Large language models (LLMs) have been shown to be able to perform new tasks based on a few demonstrations or natural language instructions. While these capabilities have led to widespread adoption, most LLMs are developed by resource-rich organizations and are frequently kept from the public. As a step towards democratizing this powerful technology, we present BLOOM, a 176B-parameter open-access language model designed and built thanks to a collaboration of hundreds of researchers. BLOOM is a decoder-only Transformer language model that was trained on the ROOTS corpus, a dataset comprising hundreds of sources in 46 natural and 13 programming languages (59 in total). We find that BLOOM achieves competitive performance on a wide variety of benchmarks, with stronger results after undergoing multitask prompted finetuning. To facilitate future research and applications using LLMs, we publicly release our models and code under the Responsible AI License.
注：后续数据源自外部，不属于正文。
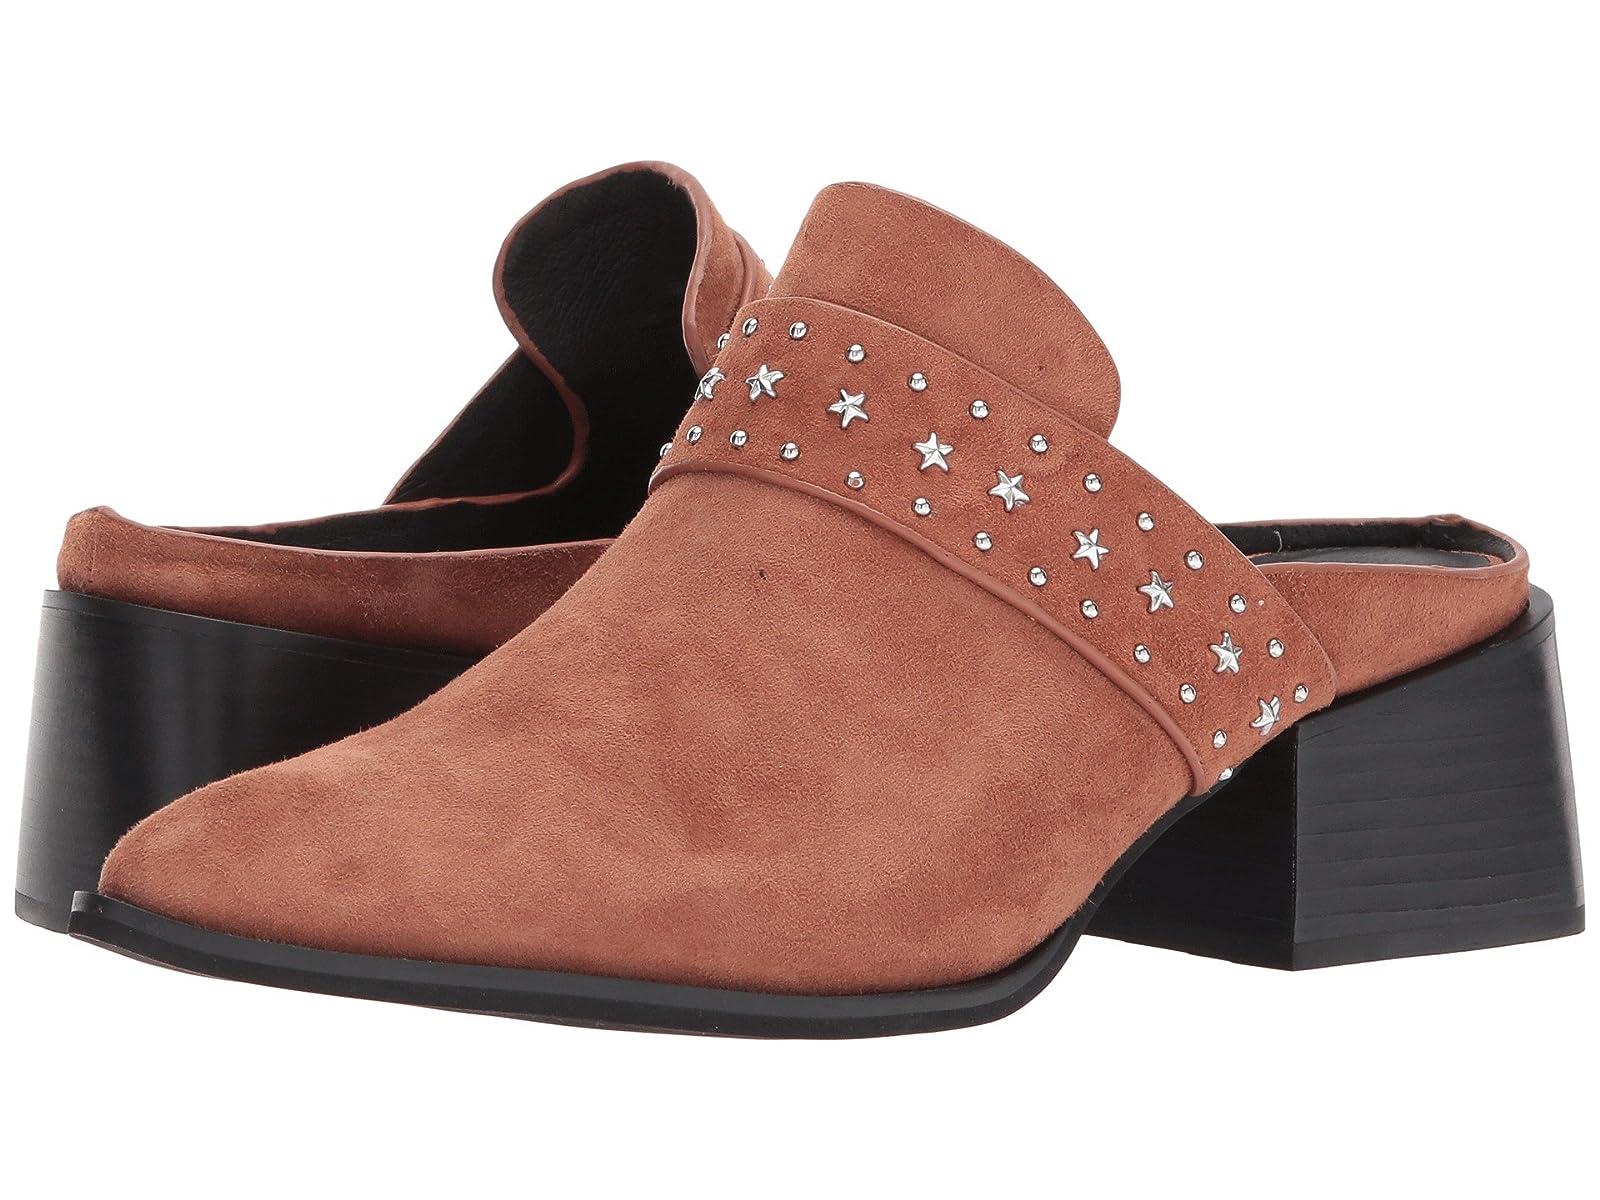 Sol Sana Charli MuleCheap and distinctive eye-catching shoes

Fighting online hate speech is a challenge that is usually addressed using Natural Language Processing via automatic detection and removal of hate content. Besides this approach, counter narratives have emerged as an effective tool employed by NGOs to respond to online hate on social media platforms. For this reason, Natural Language Generation is currently being studied as a way to automatize counter narrative writing. However, the existing resources necessary to train NLG models are limited to 2-turn interactions (a hate speech and a counter narrative as response), while in real life, interactions can consist of multiple turns. In this paper, we present a hybrid approach for dialogical data collection, which combines the intervention of human expert annotators over machine generated dialogues obtained using 19 different configurations. The result of this work is DIALOCONAN, the first dataset comprising over 3000 fictitious multi-turn dialogues between a hater and an NGO operator, covering 6 targets of hate.
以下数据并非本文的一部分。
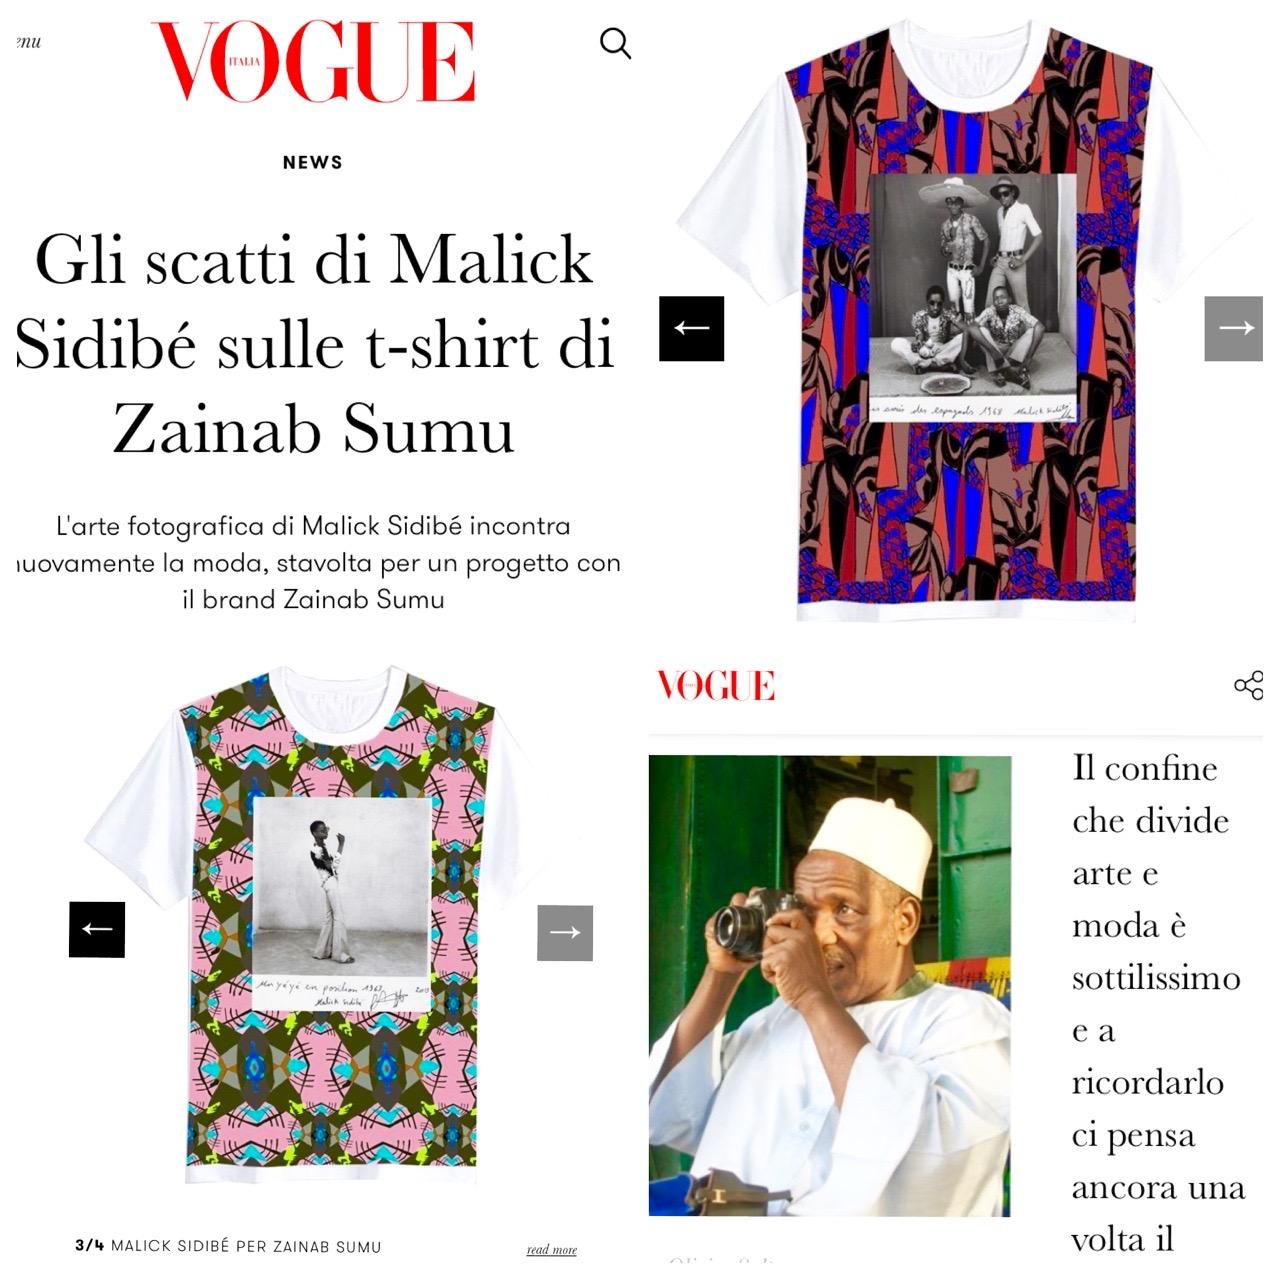 Italian Vogue - Malick Sidibe x Zainab Sumu T-Shirt Collab

在过去的几年中，卷积神经网络（CNN）占据了计算机视野的领域，这要归功于它们提取功能及其在分类问题中出色的表现，例如在自动分析X射线中。不幸的是，这些神经网络被认为是黑盒算法，即不可能了解该算法如何实现最终结果。要将这些算法应用于不同领域并测试方法论的工作原理，我们需要使用可解释的AI技术。医学领域的大多数工作都集中在二进制或多类分类问题上。但是，在许多现实生活中，例如胸部X射线射线，可以同时出现不同疾病的放射学迹象。这引起了所谓的“多标签分类问题”。这些任务的缺点是类不平衡，即不同的标签没有相同数量的样本。本文的主要贡献是一种深度学习方法，用于不平衡的多标签胸部X射线数据集。它为当前未充分利用的Padchest数据集建立了基线，并基于热图建立了可解释的AI技术。该技术还包括概率和模型间匹配。我们系统的结果很有希望，尤其是考虑到使用的标签数量。此外，热图与预期区域相匹配，即它们标志着专家将用来做出决定的区域。

至少达到一定程度的解释性需要对许多机器学习系统（例如共同的黑盒模型）进行复杂的分析。我们最近提出了一个新的基于规则的学习系统SuprB，通过利用单独的优化器来构建紧凑，可解释和透明的模型，用于模型选择任务，涉及规则发现和规则集合的组合。这允许用户专门定制其模型结构以实现其模型结构 - 提出具体的解释性要求。从优化的角度来看，这使我们能够定义更清晰的目标，并且我们发现与许多最先进的系统相比，这使我们能够使规则适应不独立。在本文中，我们在一组回归问题上彻底研究了该系统的性能，并将其与XCSF进行比较，XCSF是一个基于规则的学习系统。我们发现SuprB评估的总体结果与XCSF相当，同时允许更容易控制模型结构，并显示出对随机种子和数据分裂的敏感性较小。这种增加的控制可以有助于随后为模型的训练和最终结构提供解释。

鉴于当前全球的社交距离限制，大多数人现在使用社交媒体作为其主要交流媒介。因此，数百万患有精神疾病的人被孤立了，他们无法亲自获得帮助。他们越来越依赖在线场地，以表达自己并寻求有关处理精神障碍的建议。根据世界卫生组织（WHO）的说法，大约有4.5亿人受到影响。精神疾病（例如抑郁，焦虑等）非常普遍，并影响了个体的身体健康。最近提出了人工智能（AI）方法，以帮助基于患者的真实信息（例如，医疗记录，行为数据，社交媒体利用等），包括精神病医生和心理学家在内的心理健康提供者。 AI创新表明，在从计算机视觉到医疗保健的众多现实应用应用程序中，主要执行。这项研究分析了REDDIT平台上的非结构化用户数据，并分类了五种常见的精神疾病：抑郁，焦虑，双相情感障碍，ADHD和PTSD。我们培训了传统的机器学习，深度学习和转移学习多级模型，以检测个人的精神障碍。这项工作将通过自动化检测过程并告知适当当局需要紧急援助的人来使公共卫生系统受益。